Brown was the first to make it to Broadway, though Mr. La.Chiusa has two
shows scheduled for the Great White Way during the upcoming season - Marie
Christine, starring Audra McDonald, and The Wild Party (one of two new shows
based on the same story).

"We all know each other, return each other's phone calls and are awfully
nice to each other," Mr. Brown says of the group. "It's hard to let go of
that feeling in your heart that if somebody else gets something, then
there's less for you - there's more than the necessary amount of
Schadenfreude [a perverse delight in others' misfortune] going around.

"I think we all tend to come off as a little heady. That tendency magnified
can be a bad thing. Also, the danger of being seen as the hot new thing is
that none of us are paying our rent very well. It would be even better if I
didn't have to have pizza for lunch every day."

Maybe things will pick up for Mr. Brown when Parade begins its national tour
in Atlanta next year, with Dallas as one of its expected stops.
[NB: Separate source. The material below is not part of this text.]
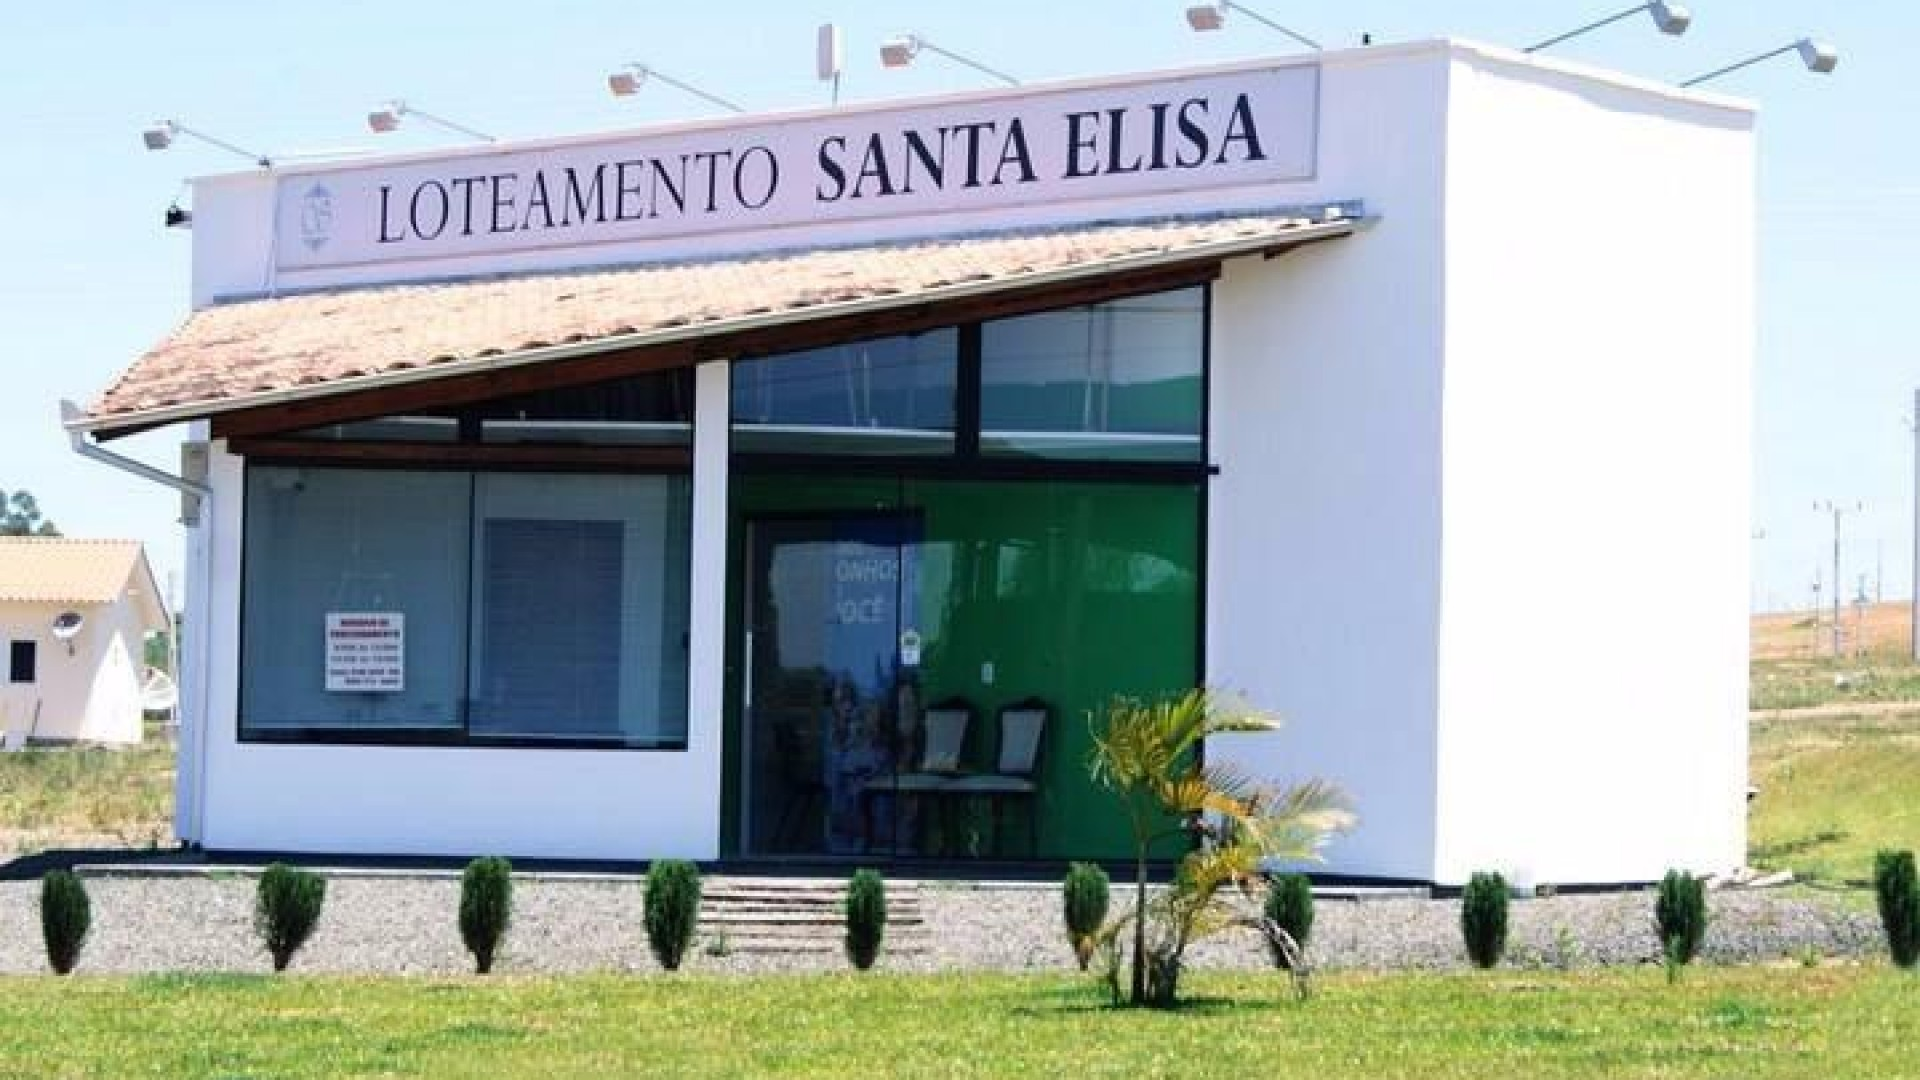 Lote loteamento Santa Elisa - Içara/SC

Or maybe if
his new two-character show - which New York scuttlebutt is calling his
"divorcical" - really does open downstairs at Lincoln Center as early as
May.

Traditionally in New York, success is going from rags to riches. For Mr.
Brown, it will mean graduating from pizza to the Tavern on the Green.

Performance information

Dinah Was, presented by the Dallas Theater Center at the Kalita Humphreys
Theater, 3636 Turtle Creek Blvd., through Oct. 3. Performances at 7:30 p.m.
Tuesday-Thursday and Sundays, 8 p.m. Friday-Saturday, with matinees at 2 p.m
Saturday-Sunday. Tickets $16 to $52. Call 214-522-8499.